IEEE/ACM Trans Comput Biol Bioinform. 2019 Nov-Dec;16(6):1802-1815. doi: 10.1109/TCBB.2018.2833482. Epub 2018 May 9.
DNA microarray datasets are characterized by a large number of features with very few samples, which is a typical cause of overfitting and poor generalization in the classification task. Here, we introduce a novel feature selection (FS) approach which employs the distance correlation (dCor) as a criterion for evaluating the dependence of the class on a given feature subset. The dCor index provides a reliable dependence measure among random vectors of arbitrary dimension, without any assumption on their distribution. Moreover, it is sensitive to the presence of redundant terms. The proposed FS method is based on a probabilistic representation of the feature subset model, which is progressively refined by a repeated process of model extraction and evaluation. A key element of the approach is a distributed optimization scheme based on a vertical partitioning of the dataset, which alleviates the negative effects of its unbalanced dimensions. The proposed method has been tested on several microarray datasets, resulting in quite compact and accurate models obtained at a reasonable computational cost.
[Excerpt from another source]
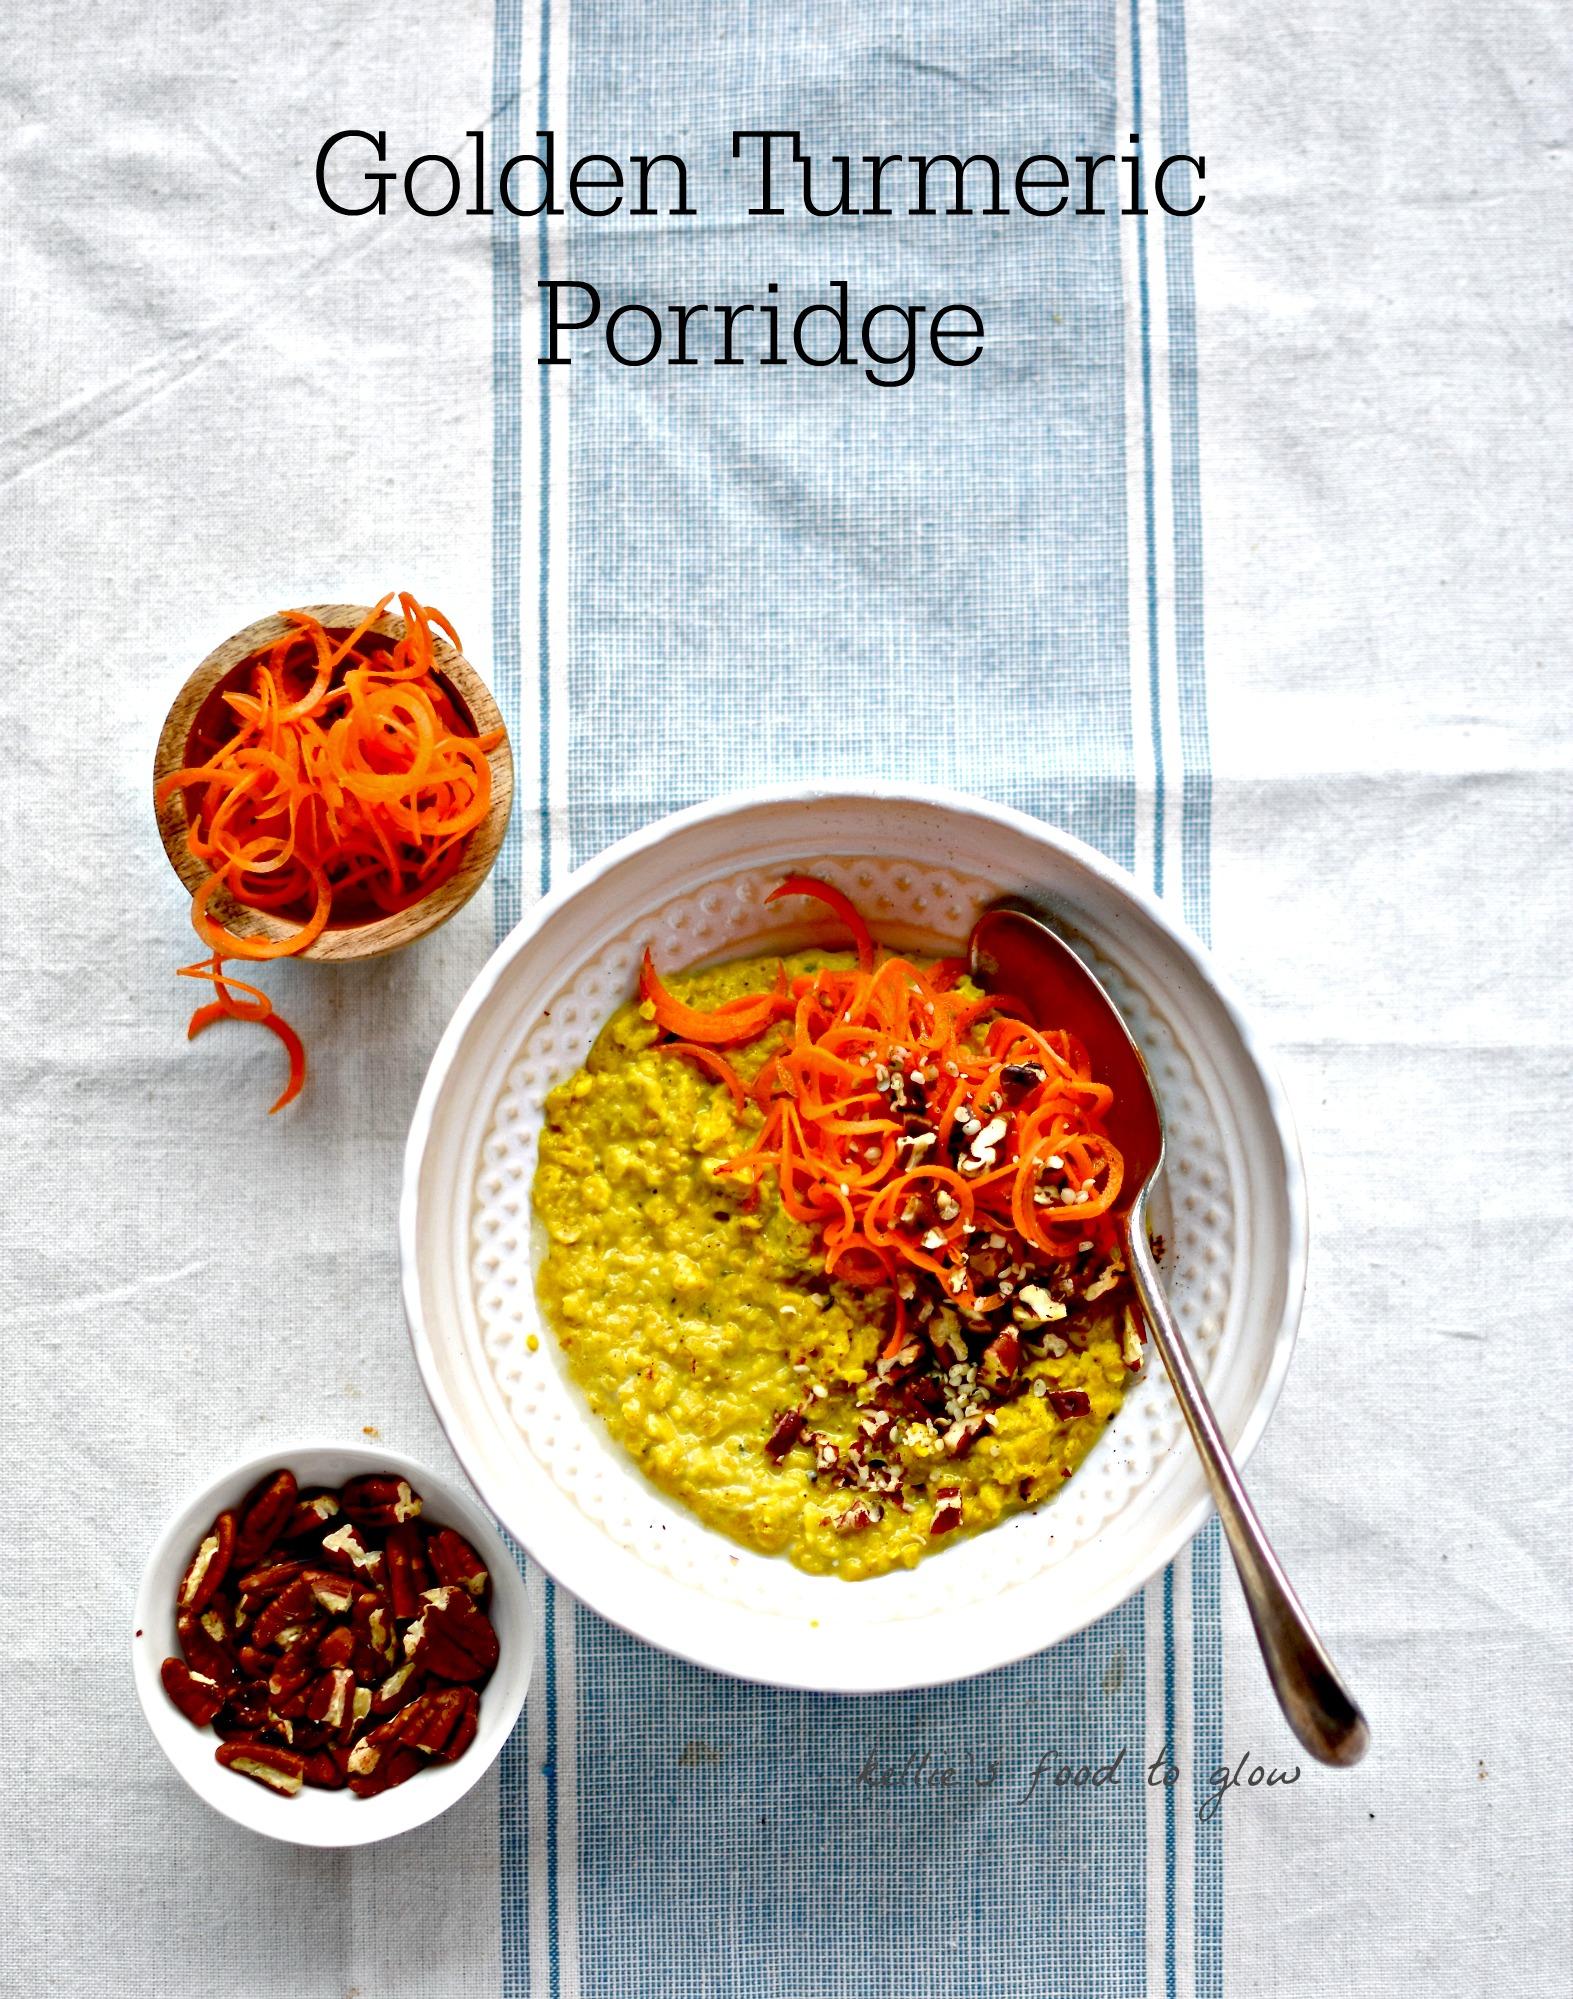 how to make good porridge

DNA 微阵列数据集的特点是特征数量非常多,而样本数量非常少,这是分类任务中过度拟合和泛化能力差的一个典型原因。在这里,我们引入了一种新的特征选择(FS)方法,该方法使用距离相关(dCor)作为评估给定特征子集与类之间依赖关系的标准。dCor 指数提供了一种可靠的依赖度量,适用于任意维度的随机向量,而无需对其分布做出任何假设。此外,它对冗余项的存在很敏感。所提出的 FS 方法基于特征子集模型的概率表示,该模型通过重复的模型提取和评估过程进行逐步细化。该方法的一个关键要素是基于数据集垂直划分的分布式优化方案,它减轻了其不平衡维度的负面影响。该方法已经在多个微阵列数据集上进行了测试,结果得到了相当紧凑和准确的模型,同时计算成本也合理。